Posted by: ted | 07/24/2011 at 11:03 PM
Having not watched any Koreeda films (far too new for this old duffer), I can only anticipate the thrill of them having been compared to Ozu. The point made about Ozu's films drawing you into a small, intimate circle of players and characters, where the fiction of roles seems to blend into the reality of the actors, is the most appealing, although shots of the Shonan area in the 1950s is also delightful. There is nothing an observer from the north of England likes better than seeing disappointment, understated sorrow, and frustration played out by decent folk. In the same way that young men in the US, UK, Japan and elsewhere can watch action-packed rubbish about superheroes and feel kindred angst, anger, and thrills, I can smell the atmosphere of Ozu's rooms, wriggle in the protagonists' discomfort, and gaze teary-eyed at Hara Setsuko taking herself and her less-innocent but no less weighty sorrow off to a quiet corner of Kamakura. And this is what makes Ozu so real. Reality imitated art. Hara did just that, and took herself off to a corner of Kamakura to see out her days in obscurity, and as far as is known, that is still what she is doing today. It would be most satisfying to think that she will continue to do so for ever, that this life will be as eternal as those portrayed on the screen, that there will be a corner of Kamakura that will be forever Hara.
Ozu succumed to his lifestyle of drink and fags, dying of cancer at 60, and a corner of Kamakura, Kita-Kamakura, his grave in Enkakuji, remains forever Ozu.

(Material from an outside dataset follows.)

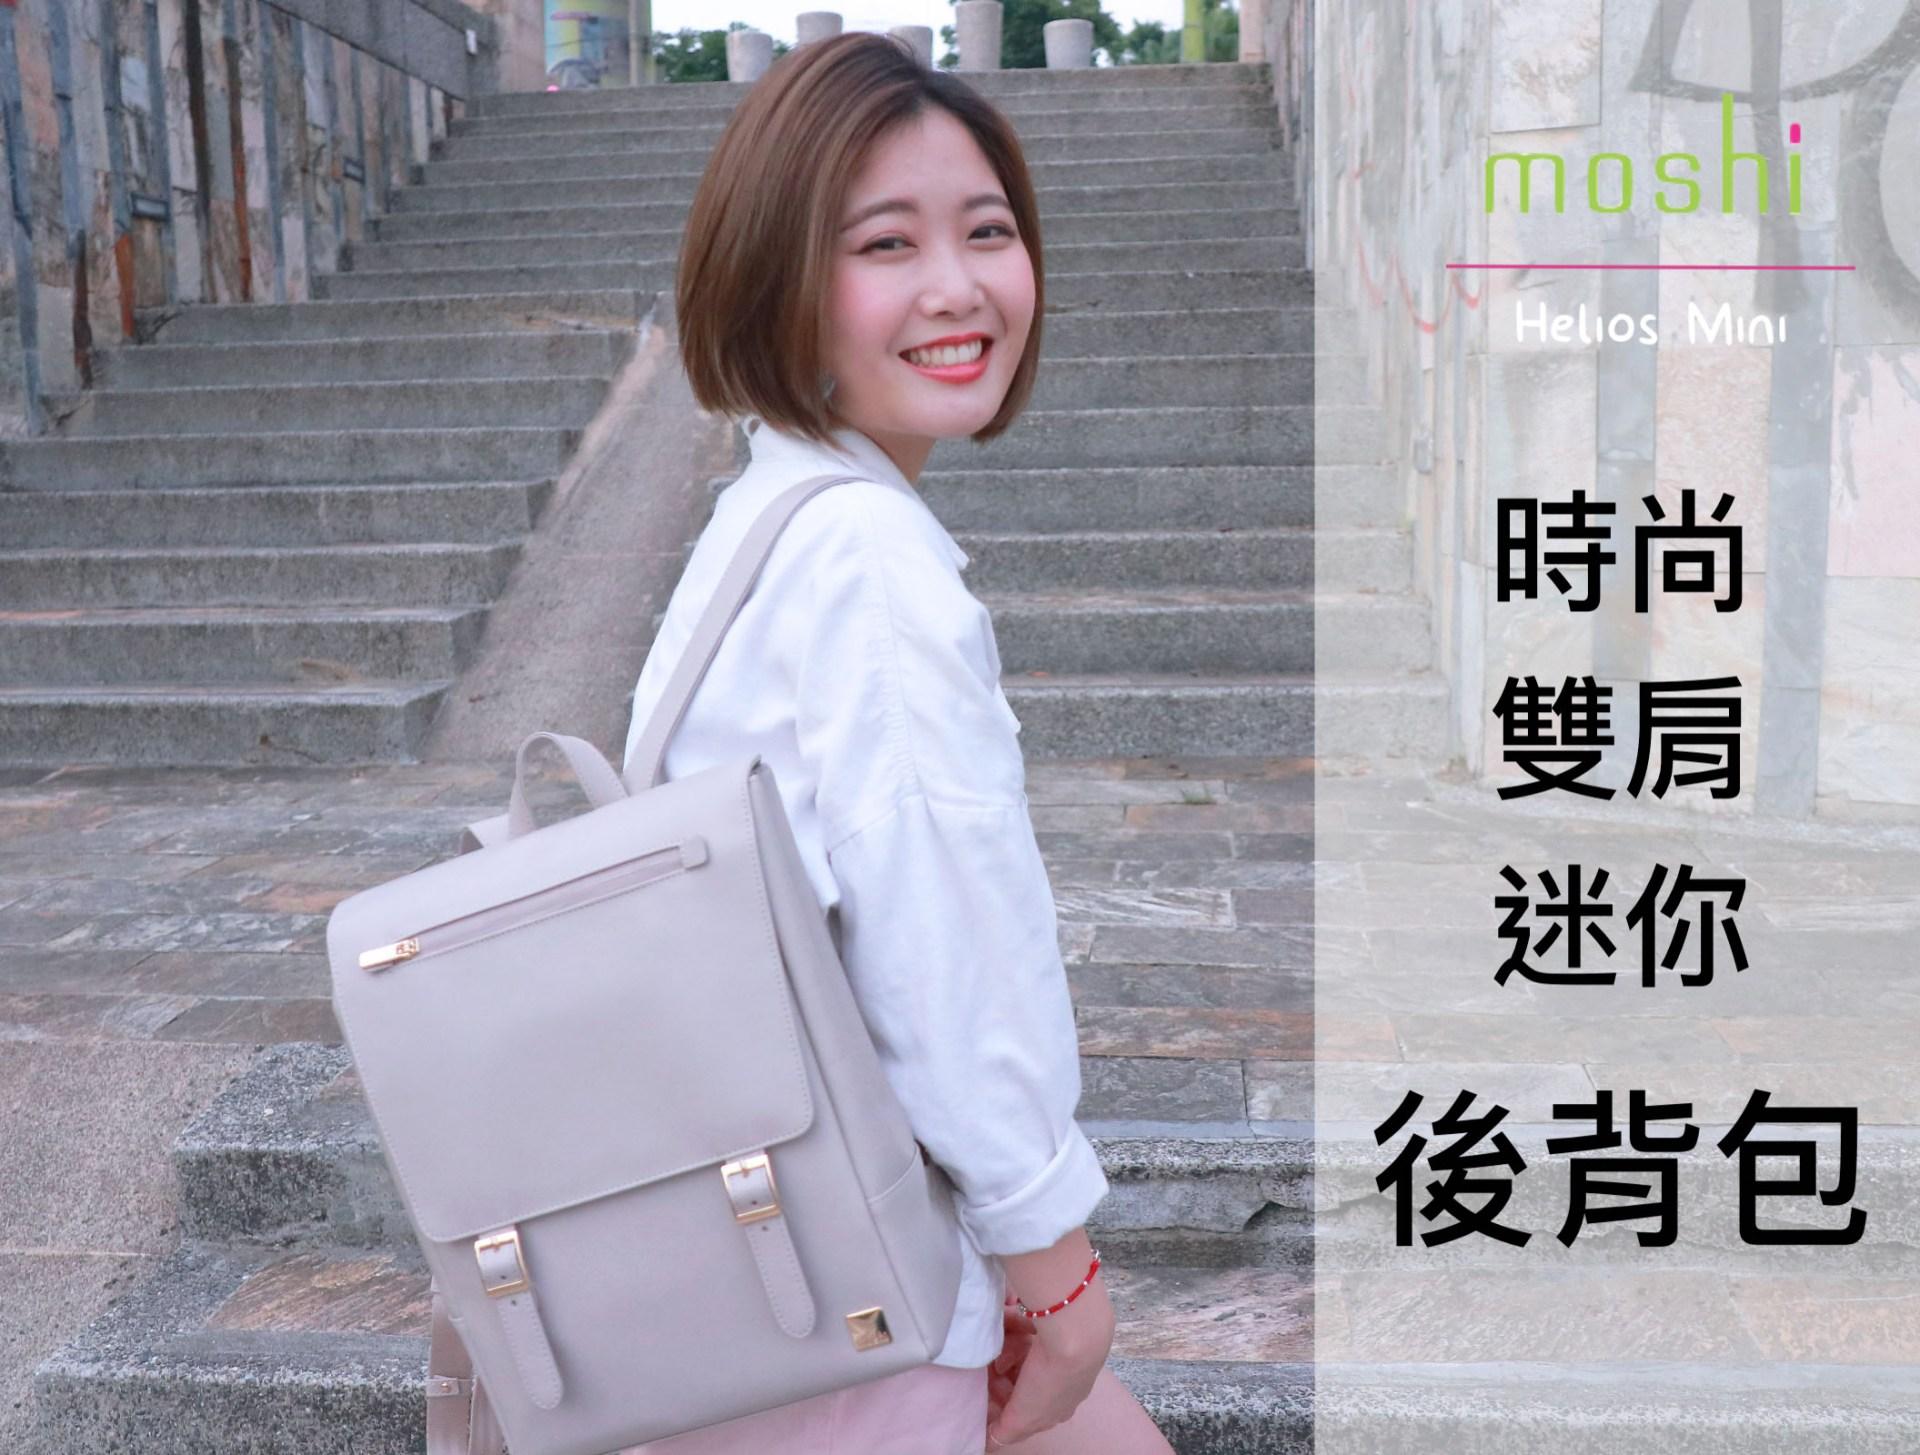 moshi helios mini 時尚雙肩迷你後背包 12

Typically for him, and atypically for a temple grave, his headstone is marked 'mu': nothingness.
While the story of Hara and Ozu could be depicted by any director, one feels the Miles Davis melancholic trumpet soundtrack, black and white, stylised approach would be effective and startling, but inappropriate. The same would be true of the rather clumsy, formulaic, TV-based dramatical approach with a classical soundtrack that seems to be the norm for most Japanese cinema these days. Indeed, the only person I know who could do the story justice would be Ozu. But perhaps Koreeda could be the man for the job. Not that he should attempt it. Simply by being considered capable would be enough, for that would imply his ability would be unquestioned. This whets the appetite for his films even more. Let's see.
Posted by: Garren | 08/01/2011 at 12:04 PM
Apologies: a bufoon!
" although shots of the Shonan area in the 1950s is also delightful."
That's not very good England is I.
I don't know how to edit my own postings on another's blog. Or, evidently, how to link plural and singular elements of sentences.
Gahh!
Posted by: Garren | 08/01/2011 at 12:09 PM
Thanks for the comments, Garren. I don't think you can edit comments. In fact, I don't think you can edit comments on your own blog. You have to delete and start over if you've screwed up too badly.
Julian, why don't we sign the mysterious author of these musings on film up. He's good. Have his people talk to our people.